= William Berloni =

American animal behaviorist

William "Bill" Berloni is an American animal behaviorist, humanitarian, and author, known for his training of rescue and breeder animals for stage, film, and television. He has been the subject of a Discovery Family reality show that premiered in August 2015.

==Personal life==
Bill Berloni graduated from Berlin high school in Connecticut desiring to be an actor. While a theater major at Central Connecticut State University he apprenticed at the Goodspeed Opera House in East Haddam, Connecticut. During his second season of volunteering at Goodspeed, the producer Martin Charnin offered him an opportunity to get in the Actors' Equity Association. The offer was contingent upon his finding and training a dog for the new musical they were producing called Annie. He agreed and adopted his first Sandy dog.
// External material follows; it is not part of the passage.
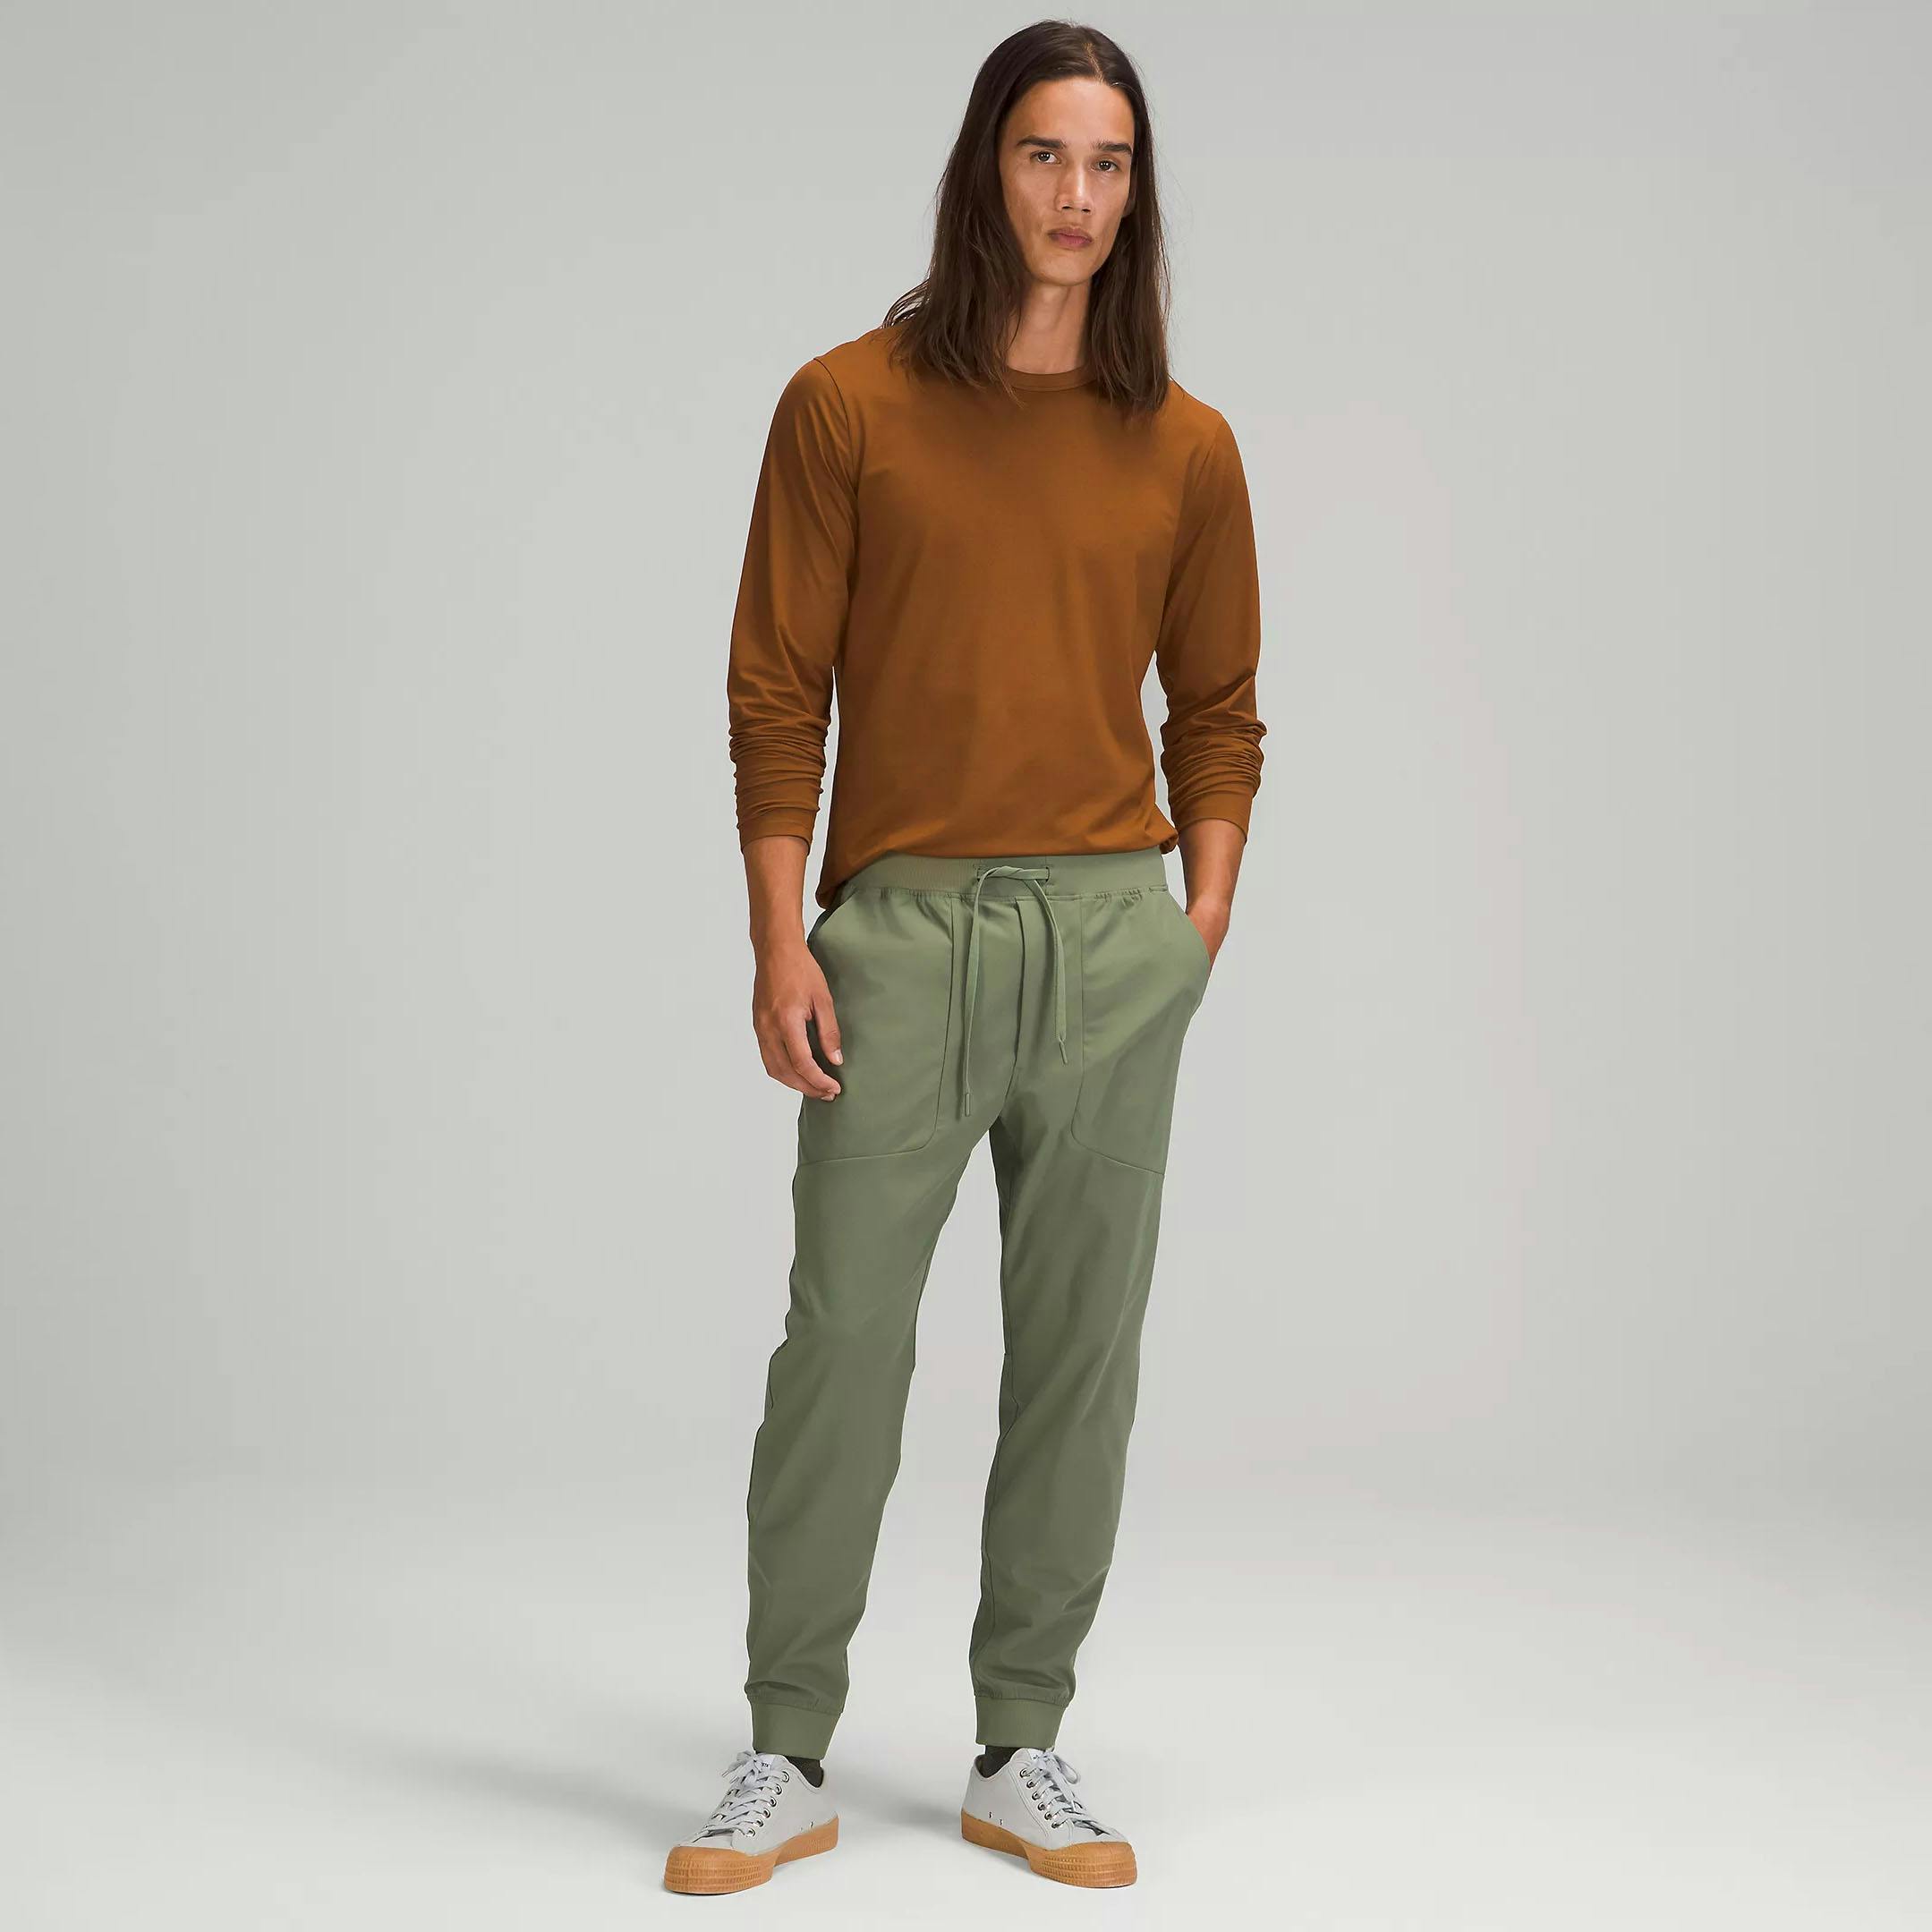 lululemon ABC Jogger - Green Twill, Clothing

Since that first Sandy, Bill has not only given acting careers to many shelter dogs in film, television and stage, but also has found homes for thousands of dogs over the years.

==Career==
Bill Berloni starred in Discovery Family Network Reality Show "From Wags to Riches with Bill Berloni" that premiered August 2015.

Berloni is American Animal Advocate and Behaviorist for the Humane Society of New York.

Bill Berloni is the only animal trainer to have been honored with a Tony and was presented with the Tony Honors for Excellence in Theatre during the 65th Tony Awards.

Bill Berloni is known for training numerous shelter animals for film and television including Charlie Wilson's War, the Disney Channel Original Movie Frenemies, and the Sony Pictures film Annie starring Quvenzhané Wallis and Jamie Foxx that premiered in theaters Christmas 2014.

Bill discovered the newest Sandy, Marti, a 4-year-old Chow Mix who was abandoned at a high kill shelter Georgia then spent two years in various shelters finally ending up in Westchester County, New York where Bill adopted and trained her.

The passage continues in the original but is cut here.